MC1R RECEPTOR IN MALIGNANT MELANOMA: MOLECULAR AND FUNCTIONAL ANALYSIS

Pigmentation in mammals and cutaneous phenotype are due to the relative amount two types of melanins: pheomelanins and eumelanins. Brown/black eumelanins are more photoprotective, and yellow/red pheomelanins are less photoprotective and probably even phototoxic. The key enzyme for the melanogenesis is tyrosinase: low tyrosinase levels mean that L-tyrosine is preferably converted to pheomelanins; rising levels of tyrosinase push the melanogenesis versus the eumelanin synthesis. Alpha-MSH and its receptor MC1R are key regulation of cutaneous pigmentation and tanning response. The human MC1R is highly polymorphic, and some of its genetics forms are associated with various pigmentary phenotypes. Malignant melanoma (MM) is a type of cancer due both to genetic predisposition and environmental factors such as UV exposure. The genes involved in melanoma development are of various type: high penetrance genes such as CDKN2A and CDK4, and low penetrance one such as the MC1R gene. In this study we obtained primary lines of melanoma cell cultures from South Italy Caucasian patients’ biopsies. We screened for their MC1R genotype, particularly in two different melanoma cell lines, hmel 1 (from MM metastasis) and hmel 9 (from primary MM).

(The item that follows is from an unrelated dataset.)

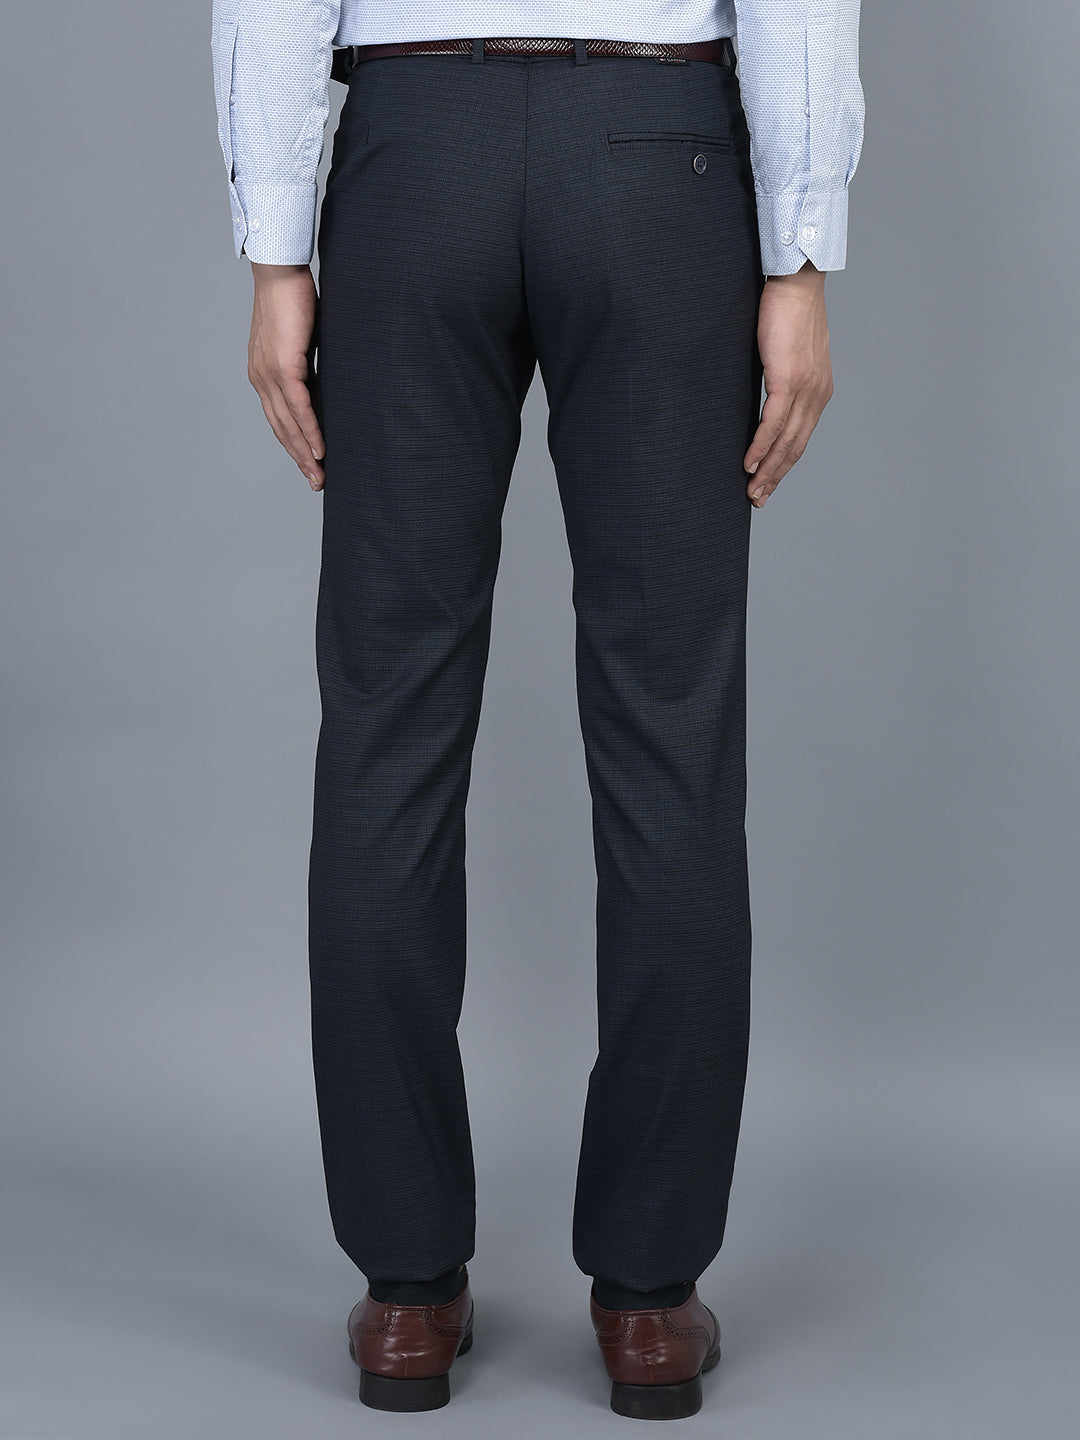 Buy Charcoal Black Trousers  Pants for Men by JOHN PLAYERS Online   Ajiocom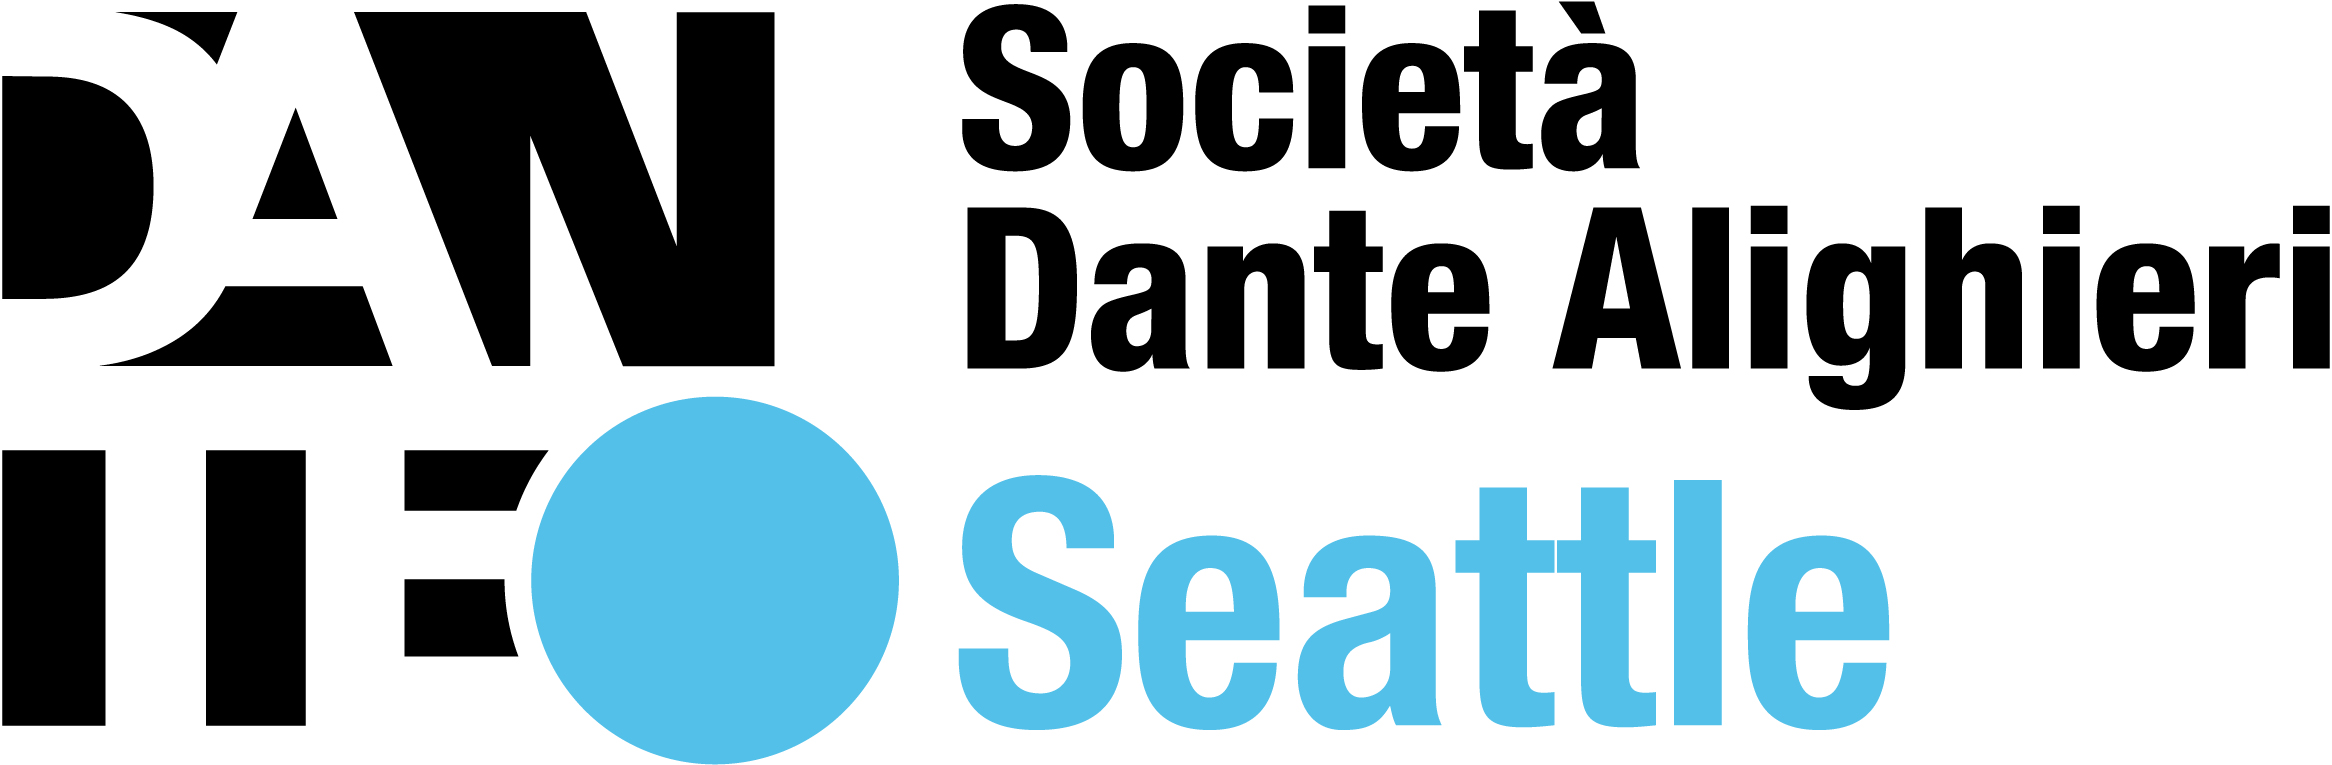 Dante Alighieri Society of Washington

The MC1R sequencing revealed that the two analysed cell lines are omozygous for the wild type receptor. These cultures showed histological and morphological differences. Moreover, we demonstrated higher levels of the MC1R transcripts in hmel 1 than hmel 9 cell lines. Functional analysis of MC1R receptor have been performed. Endocellular cAMP level in response to alpha-MSH treatment has been tested at different time of incubation. The cAMP assay revealed that the hmel 1 are able to respond to the alpha-MSH treatment producing higher quantities of cAMP within 15 min incubation in comparison to hmel 9 cell line. The tyrosinase activity was very high in hmel 9 cell line and very low or absent in hmel 1one. These different behaviours of the two cell lines suggests that the cAMP pathway may be impaired, in certain human melanoma cells even when they express the wild type MC1R receptor.